Sunday, January 24, 2010

Rep. Mary Bono Mack Says Torrez Martinez Tribe; Will Pechanga be Next?

Rep. Mary Bono Mack on Thursday said she intends to work to strip control of a tribal welfare program from the Torres-Martinez Desert Cahuilla Indians, citing persistent evidence of waste and missing accountability for taxpayer funds.

“They've lost the ability to administer this program,” Bono Mack said of the Torres-Martinez, a tribe of approximately 445 members with a reservation southeast of the Coachella Valley along State Highway 86 and the Salton Sea's western shore. “They've lost the credibility to administer the program.”

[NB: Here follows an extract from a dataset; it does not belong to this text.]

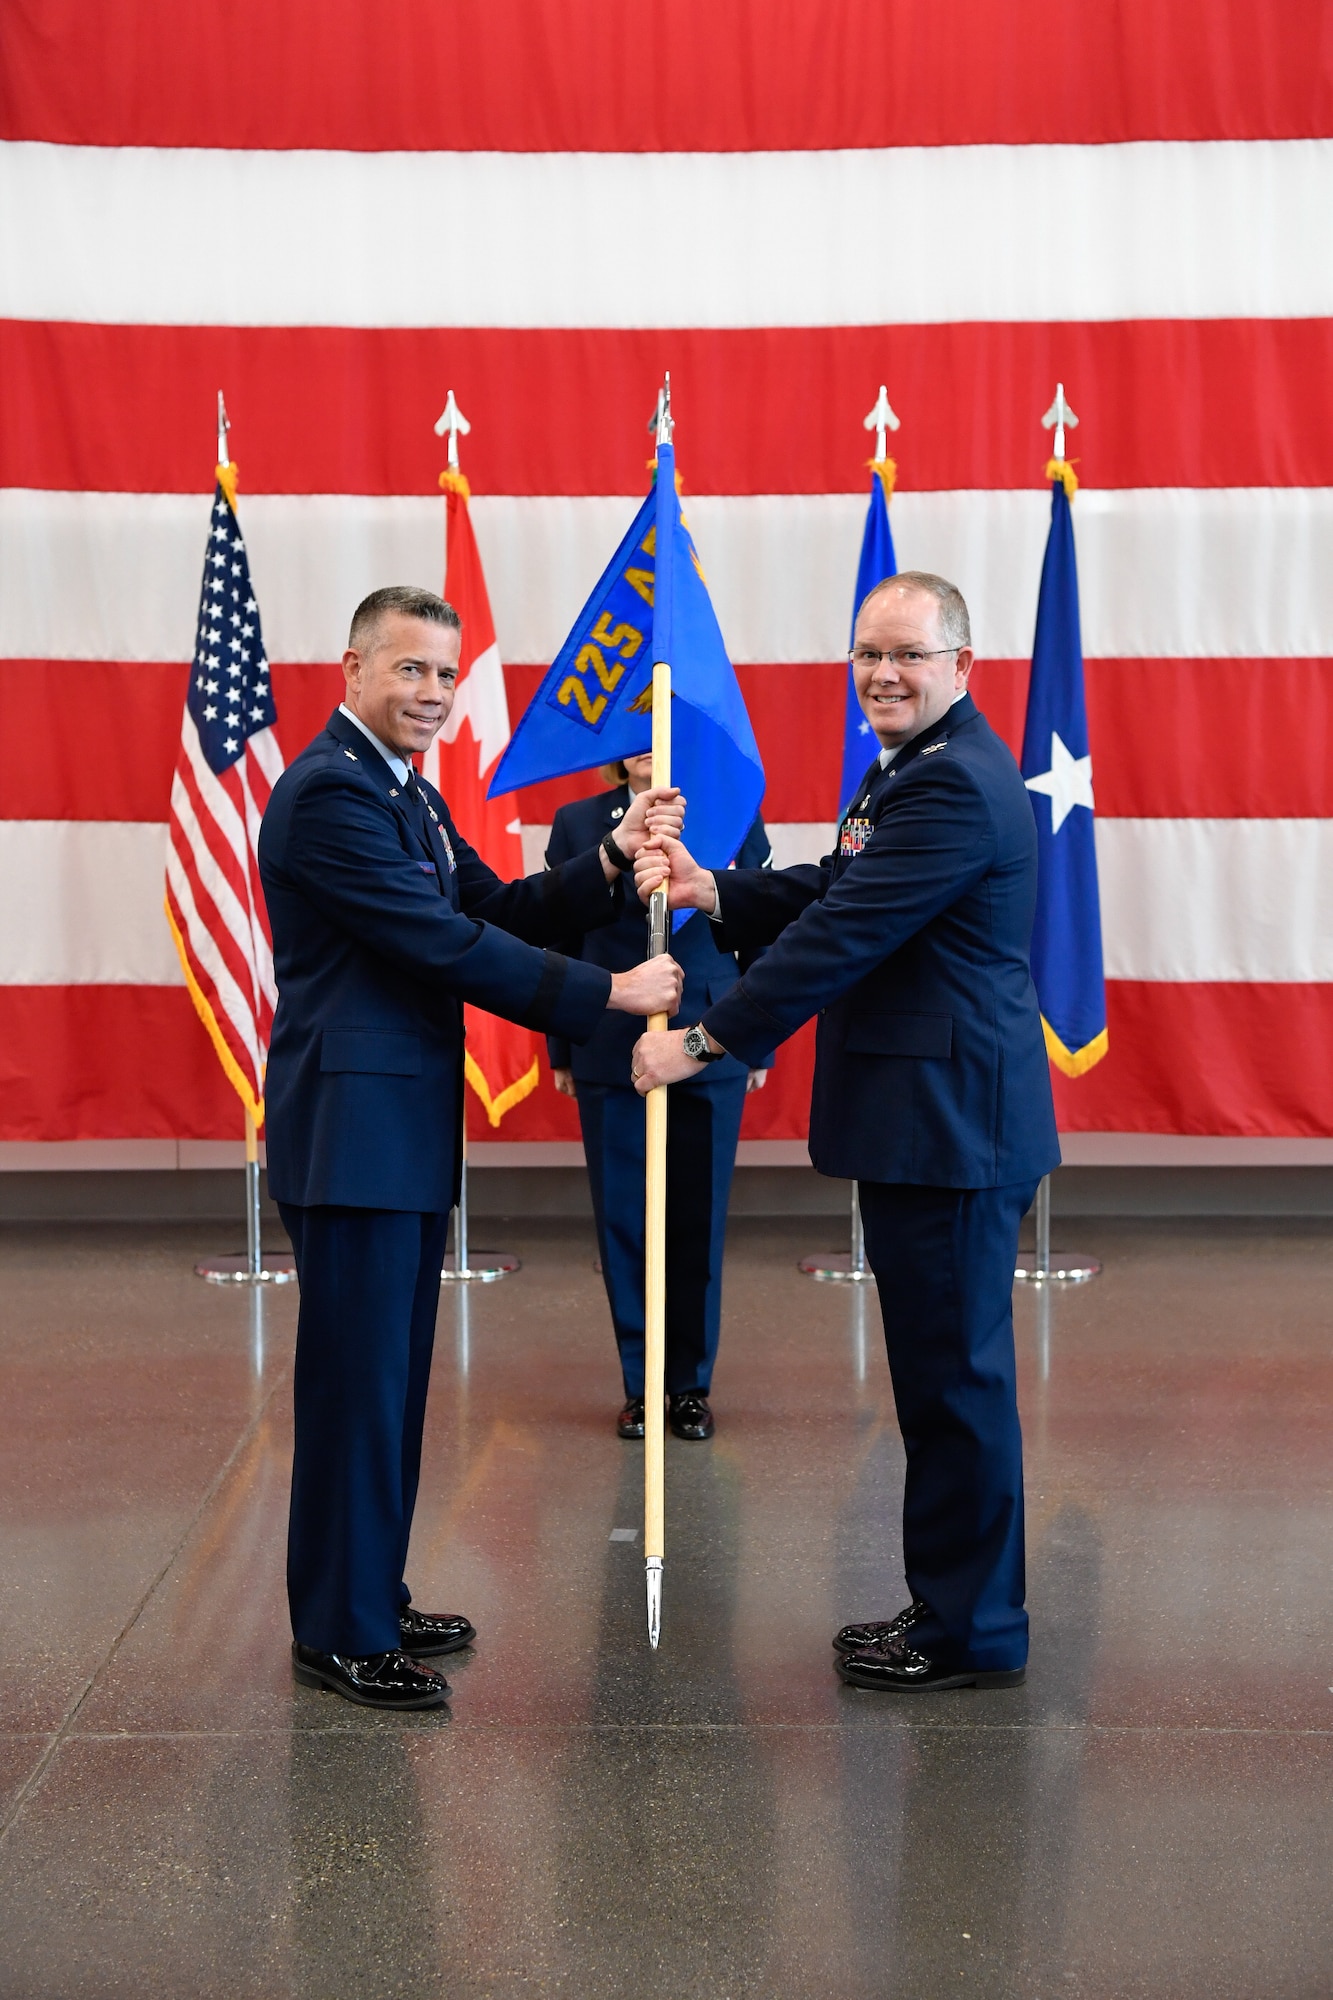 Brig. Gen. Jeremy Horn presides over the ceremony of Col. Scott Humphrey as he assumes command of the 225th Air Defense Group at the Pierce County Readiness Center, Camp Murray, Washington, April 10, 2019.  (U.S. Air National Guard photo by Capt. Colette Muller)

Bono Mack on Wednesday wrote the U.S. Department of Health and Human Services' Office of Inspector General, expressing her concern and seeking clarification on a number of points related to the tribal welfare program

See Desert Sun Story HERE

The Desert Sun Investigation finds:

The Tribal Temporary Assistance for Needy Families program's required audits have outlined serious negative findings each year since 2002, with many of the same issues persisting for years despite tribal assurances that fixes were in place or on the way.

The Desert Sun analysis of the audits revealed:

The federal government in 2005 found that the program potentially “misused” more than $6 million in taxpayer money in fiscal years 2002 and 2003.

Program officials were able to justify some of the spending, but agreed in 2007 to pay a penalty of more than $1.5 million as a result of misuse of welfare funds.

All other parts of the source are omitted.